If it was not specified, we should definitely fix this by automatically using VPC that has route table. cc'ing @concretevitamin.

[nshaposh]

@Michaelvll On my first run I didn't have any VPC specified and I didn't have a ~/.sky/config.yaml file. I guess, skypilot chose a VPC from the list of available VPC on my AWS account. We have several VPCs. I believe, I saw somewhere in the docs, that in this case skypilot should choose a default VPC. In my case, skypilot picked VPC which is not default and it had a subnet without route table attached. As a result, created instance didn't have access to internet.

To summarize, looks like the problem is a bit on both sides. We have to put our AWS in order, or (prereffably stop using this crap completely) AND skypilot (may be) did something which it wasn't supposed to, namely, used non-default VPC. May be this is something for you guys to look at.

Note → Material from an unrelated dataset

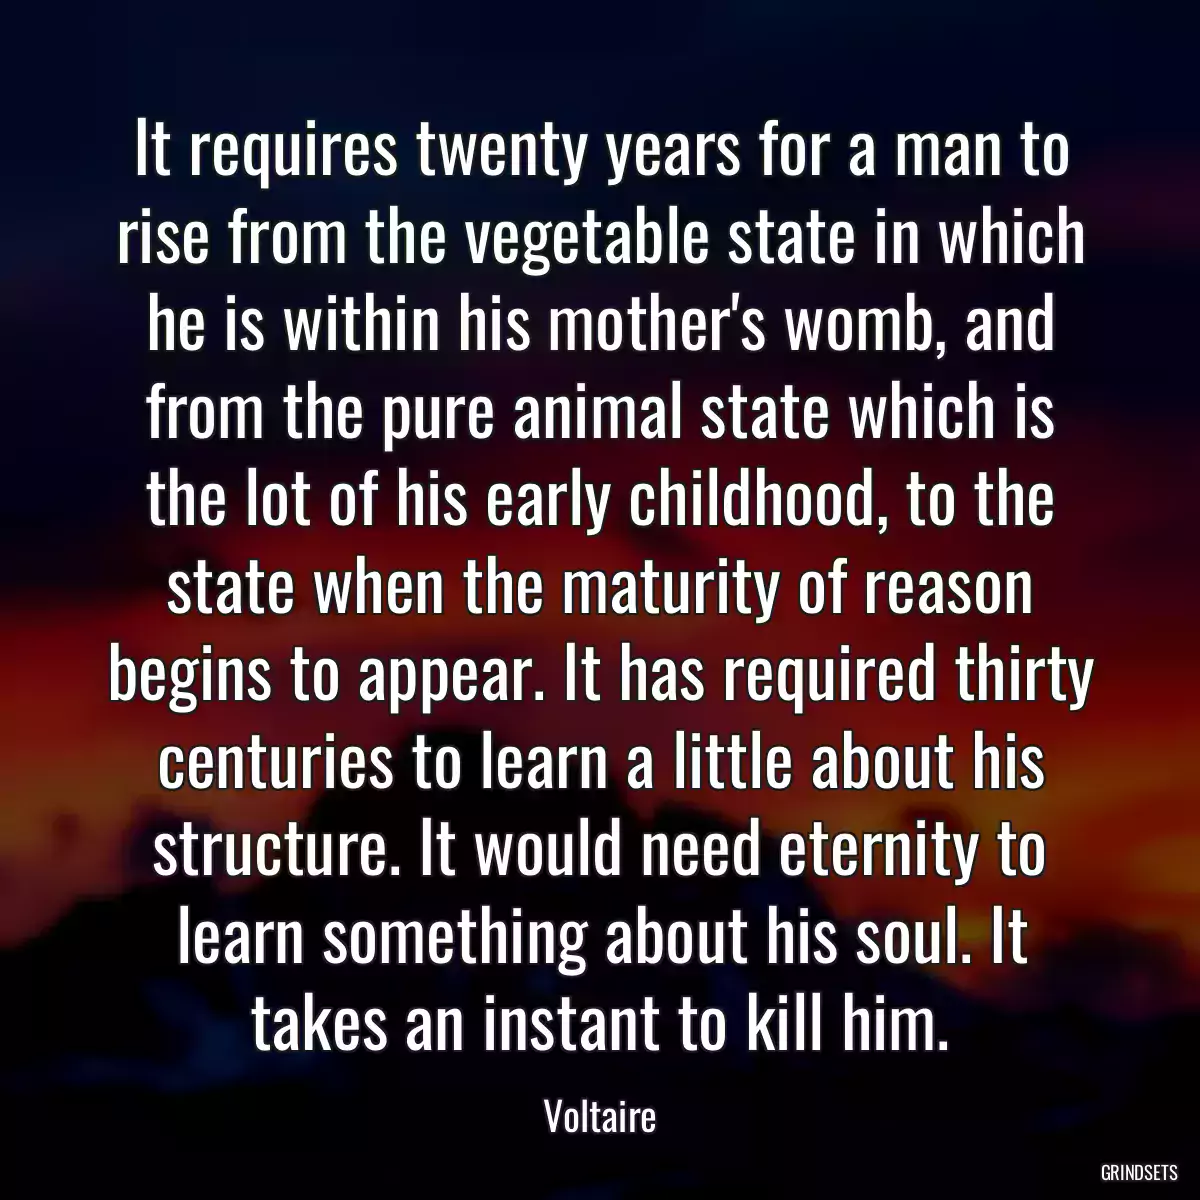 It requires twenty years for a man to rise from the vegetable state in which he is within his mother\'s womb, and from the pure animal state which is the lot of his early childhood, to the state when the maturity of reason begins to appear. It has required thirty centuries to learn a little about his structure. It would need eternity to learn something about his soul. It takes an instant to kill him.

Again I am happy that we got it resolved. You have a very useful framework, which we will definitely keep using.

Cheers, Nick

[concretevitamin]

Thanks for the report @nshaposh! We'll look into it on our part. Which version sky -v or commit sky --commit are you using?

[concretevitamin]

Tried to reproduce this with master 3ffef36a23:

• Created a new tmp VPC with 1 public and 1 private subnet
• Set aws.vpc_name in config.yaml to use this VPC
• Verified sky launch can launch VM in this VPC
• Removed (1) the public subnet's route table association (2) the route table itself

Then, tried sky launch again and it correctly errored out:

...
I 02-03 09:09:21 provisioner.py:79] Launching on AWS ap-southeast-1 (ap-southeast-1b)
E 02-03 09:09:23 provisioner.py:94] Failed to configure 'sky-7ec8-zongheng' on AWS Region(name='ap-southeast-1') (ap-southeast-1b) with the following error:
E 02-03 09:09:23 provisioner.py:94] RuntimeError: SKYPILOT_ERROR_NO_NODES_LAUNCHED: No usable subnets found, try manually creating an instance in your specified region to populate the list of subnets and trying this again. Note that the subnet must map public IPs on instance launch unless you set `use_internal_ips: true` in the `provider` config.
W 02-03 09:09:24 cloud_vm_ray_backend.py:2061] sky.exceptions.ResourcesUnavailableError: Failed to acquire resources in ap-southeast-1b. Try changing resource requirements or use another zone.
...

To help us dig more, the version/commit info, as well as how the subnet/route table looked like, would be very useful @nshaposh!